The trial of Omar Khadr
Toronto-born Omar Khadr pleaded guilty to five charges: murder, attempted murder, conspiring with terrorists, spying and providing material support to terrorists. The plea came as part of a deal with prosecutors at the U.S. military commission at Guantanamo Bay, Cuba.
It was understood the deal would let him serve the first year of his eight-year sentence in U.S. custody in Cuba, and then move on to custody in Canada if U.S. and Canadian authorities agreed.
Khadr admitted in the military court to throwing a grenade that killed U.S. Sgt. 1st Class Christopher Speer during a firefight in Afghanistan in 2002. When asked if he conspired with Osama bin Laden and al-Qaeda, Khadr also answered "yes."
Here are the major developments in Khadr's trial:
Nov. 1CBC News reports that Khadr would spend his remaining year at Guantanamo Bay in the highest-security section of the detention facility, and then be eligible for transfer to Canada, where he would serve out the remainder of his five-year sentence.

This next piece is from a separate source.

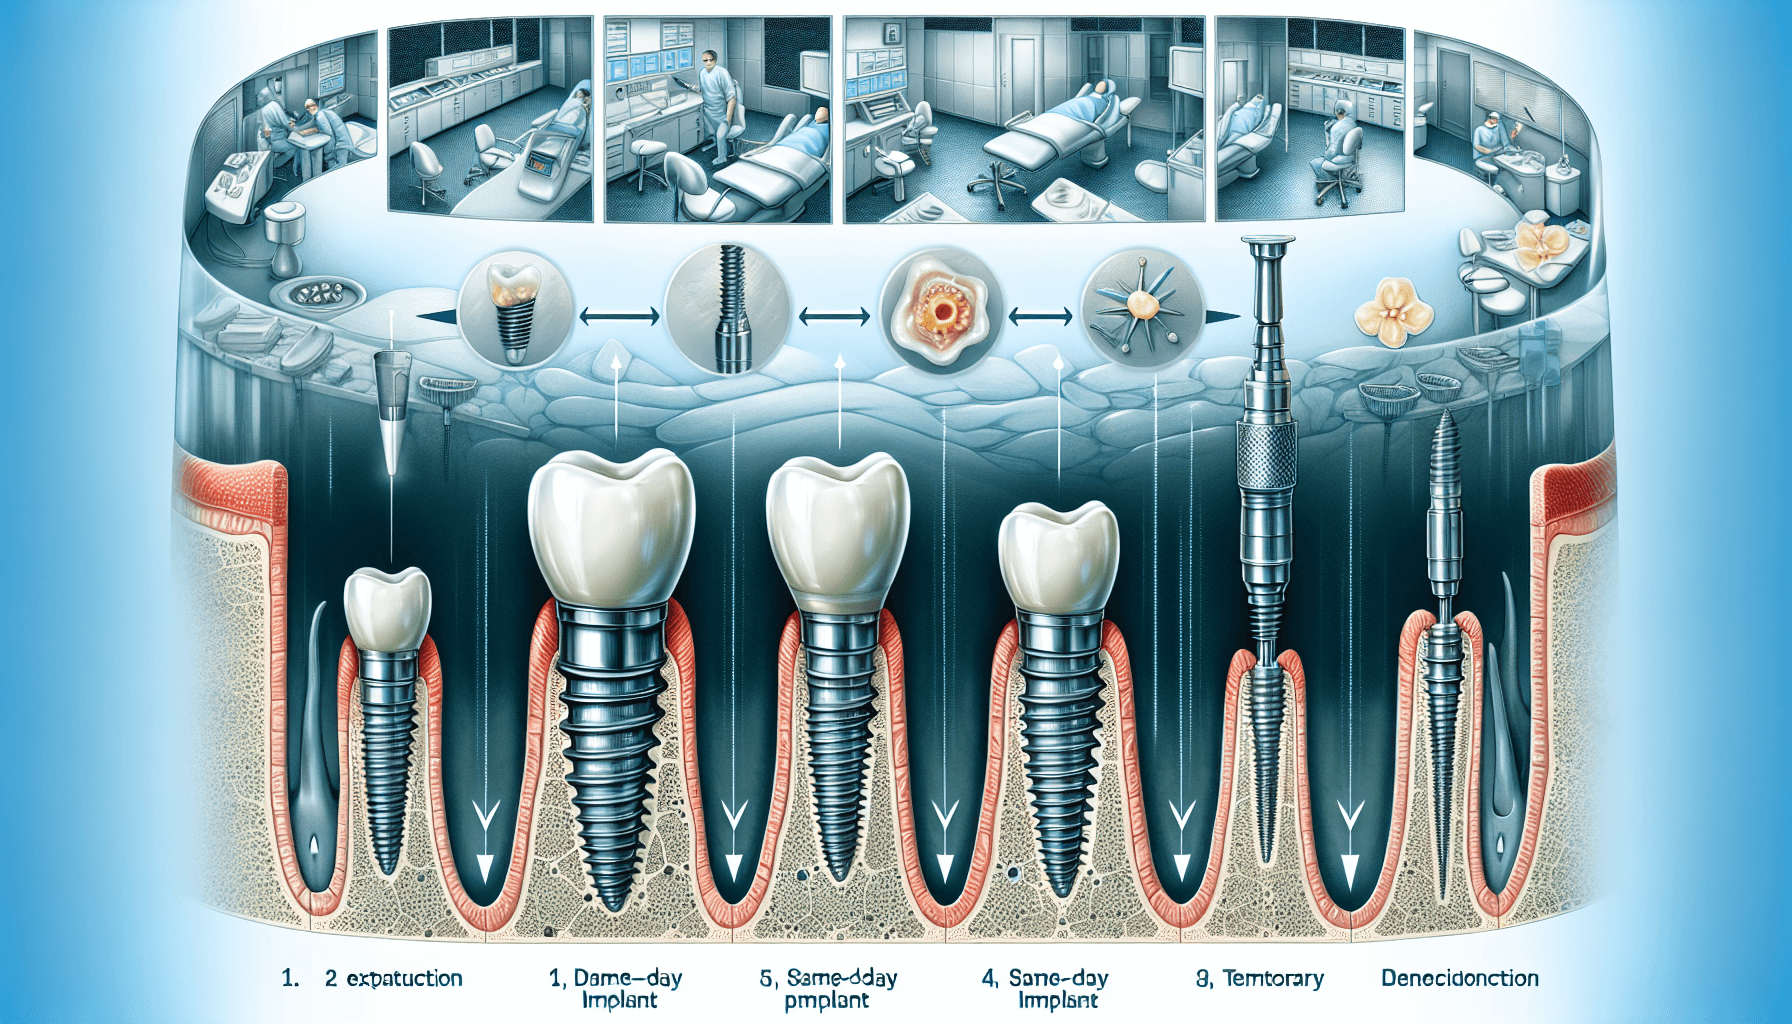 Illustration of same-day implant timeline

A U.S. military jury in Guantanamo Bay says Khadr should serve 40 years in prison for war crimes, a symbolic decision because a pre-trial plea deal caps his sentence at eight years.
The military jury hears closing arguments in the case. The lead prosecutor calls Khadr "a terrorist and murderer" who should serve 25 years in prison.
Defence lawyer Lt.-Col. Jon Jackson says his client was coerced into going to Afghanistan by his father and deserves "not a second chance" but a "first chance," because Khadr has never had that before. Jackson does not make a recommendation in terms of number of years for a prison sentence, but instead asks the the jury to consider the time Khadr has already spent in detention.
Khadr's sentencing hearing adjourns unexpectedly after an hour. Defence lawyers use the time to enter into evidence an unsworn statement by Khadr in which he admits he initially lied to U.S. interrogators in Afghanistan after his capture.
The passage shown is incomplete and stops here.